It’s hard to overstate how much he actually means the “truthful insight” part, on top of everything else. Under a section labeled #DeathToPlastic, Liquid Death’s website reveals that the brand donates 5 cents of every can sold to helping clean up plastic pollution. Its water is sustainably sourced in Austria, delivered to homes in 12-packs monthly. And the choice to can it is more than marketing; “aluminum is infinitely recyclable,” the site reads. 

To be fair, you might miss all that when you notice the “SELL YOUR SOUL” button on the top-nav, and click on it to discover it’s not a joke. Here’s actor Joe Manganiello selling his, blood-signature and all, to join the “Liquid Death Country Club.” 

So, cursing product for Halloween is much in keeping with the brand identity, designed to ruffle feathers in a category that plays by “1950s bland and boring rules.”

But living punk doesn’t mean dying punk, even if you do opt in to swallowing cursed water. Cessario continued: “The youth of today care more about health than ever. Even the fuck-you punk rockers and skateboarders. They are even drinking less alcohol and getting less fucked up. But they still like explosions and extreme sports and heavy music and blowing zombie heads off in video games.”

Have you seen their last release, “Hey Kids, Murder Your Thirst”? It’s fun in a Garbage Pail Kids kinda way. 

“Only unhealthy brands, whose products they don’t love, are speaking their language from a brand perspective,” said Cessario. “No healthy brands are actually trying to fit into real youth culture. It’s likely why we keep getting hundreds of messages from our target audience telling us how much they love the brand. Plus, it makes it easier when the people behind the brand are also the target audience.” 

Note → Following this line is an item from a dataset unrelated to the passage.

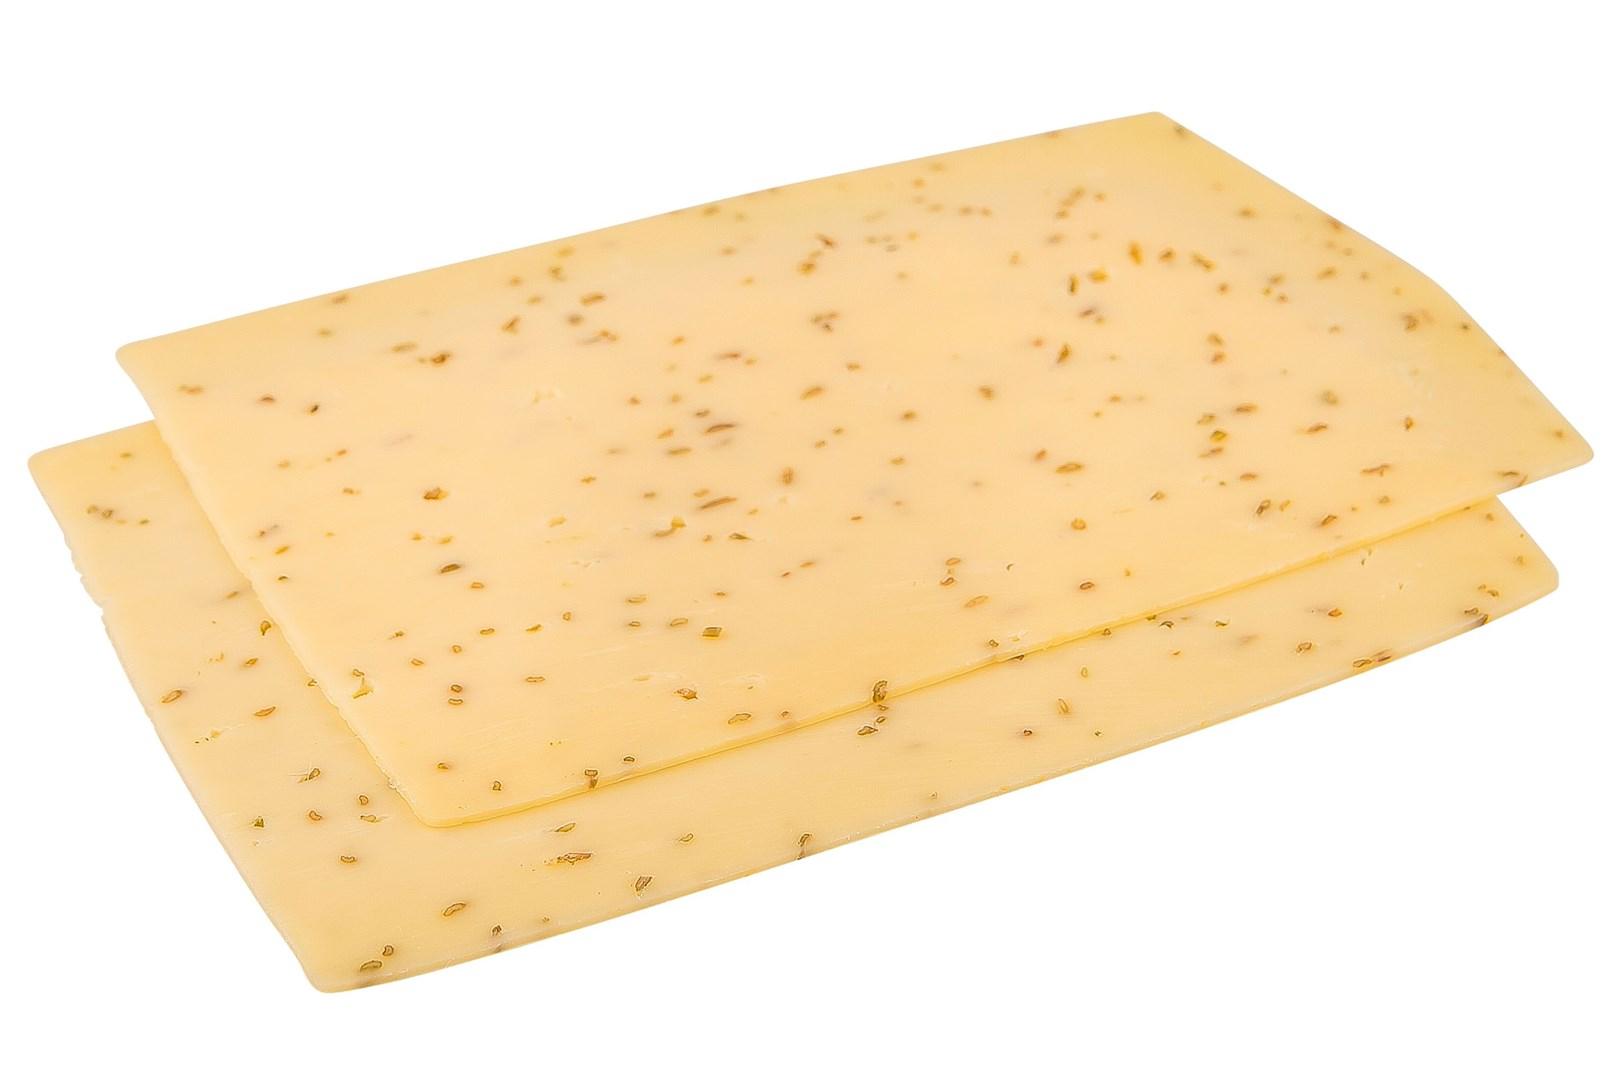 Productafbeelding Houtenaer komijnen kaas 48+ 5x2pl

Below is the first ad Liquid Death ever made. Pushed with just $600 in media spend on Facebook, it yielded over 1 million views in a couple months.

Do you now believe water is the most extreme and dangerous beverage on earth? As with demon invasions and soul-selling, maybe it depends on who you ask, and when. To wit: A marketing guy pitching Fiji might respond very differently than a marketing guy being waterboarded.